Re:Who wants a driverless tesla roadster? (1)

Bob the Super Hamste (1152367) | about a year and a half ago | (#43657649)

Go far enough north and you end up with some really nice roads along the Mississippi in southeastern Minnesota or along the north shore and iron range as well. You just have to watch out for the most deadly animal in the world or the ever more rare moose.

Re:Who wants a driverless tesla roadster? (4, Insightful)

ebno-10db (1459097) | about a year and a half ago | (#43657847)

really nice roads along the Mississippi in southeastern Minnesota

You country wusses. If you want some excitement in driving, try Manhattan. Driving on an empty road is no more challenging than flying with nothing around you, but Manhattan is like the Battle of Britain.

Re:Who wants a driverless tesla roadster? (1)

hedwards (940851) | about a year and a half ago | (#43658065)

I've heard that before. And I'm going to have to go and see that for myself.

Even around here where the problem with drivers is primarily the opposite, it's no fun to drive. You get the occasional driver that's extremely aggressive, but for the most part folks are so passive that nothing moves. Driverless cars would go a long way towards solving that problem.

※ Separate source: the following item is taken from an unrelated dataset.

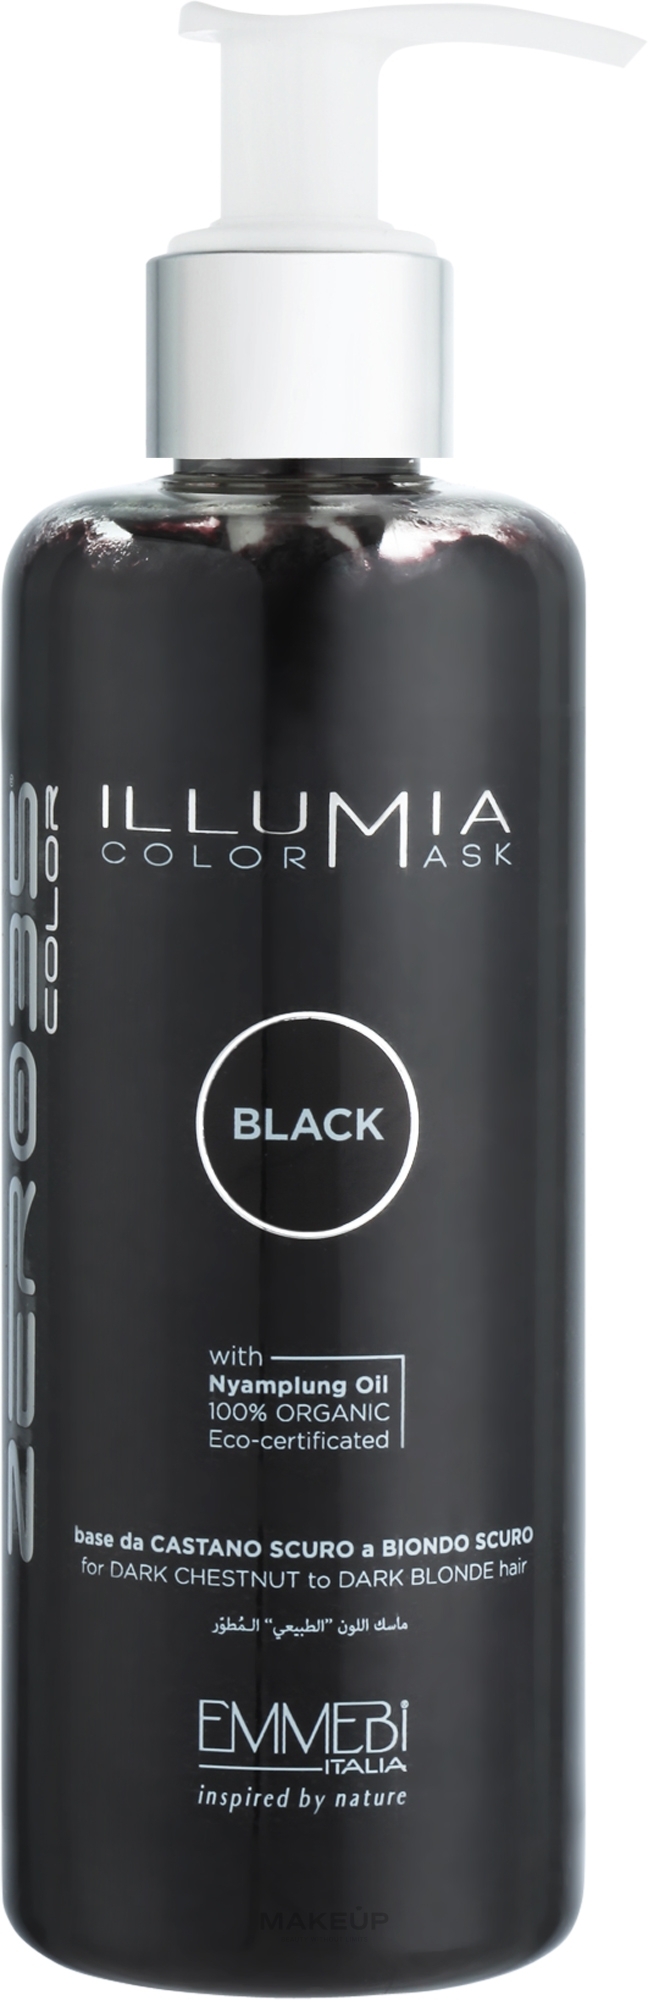 Тонирующая маска для волос - Emmebi Italia Illumia Color Mask Black — фото 300ml

I imagine that it would also greatly improve traffic as you'd reduce the time it takes for the cars to get moving again at stop lights.

Re:Who wants a driverless tesla roadster? (1)

ebno-10db (1459097) | about a year and a half ago | (#43657819)

Agreed on manual transmission.

It's one thing to use a manual instead of an automatic if you need a transmission, but in an electric car? Talk about refusing to change with the times. Maybe when these newfangled horseless carriages came out, there were those who yearned for buggy whips and eau de equestrian posterior.

Re:Who wants a driverless tesla roadster? (0)

Anonymous Coward | about a year and a half ago | (#43657897)

Electric motors need a transmission too. Teslas engineers were just too incompetent to build one correctly. The tesla is fine at low RPMs just but can't put any power down at high RPMs.

Re:Who wants a driverless tesla roadster? (0)

Anonymous Coward | about a year and a half ago | (#43657587)

What's the point of a tesla roadster in the first place when you could by three of lotus cars it's based on for the price of one tesla? Plus you would have way more fun driving the gas/petrol version because you can get it in a manual transmission.

Spoken like someone who has never driven one.

I cannot afford either. I have been fortunate enough to drive both. The Tesla is smooth power, with instant response when accelerating, braking, and cornering. The Lotus is directed thrust, like driving a rocket. A different experience altogether.

Re:Who wants a driverless tesla roadster? (0)

Anonymous Coward | about a year and a half ago | (#43657629)

In other words the Tesla is boring and pointless and the Lotus is a drivers car.

Re:Who wants a driverless tesla roadster? (1)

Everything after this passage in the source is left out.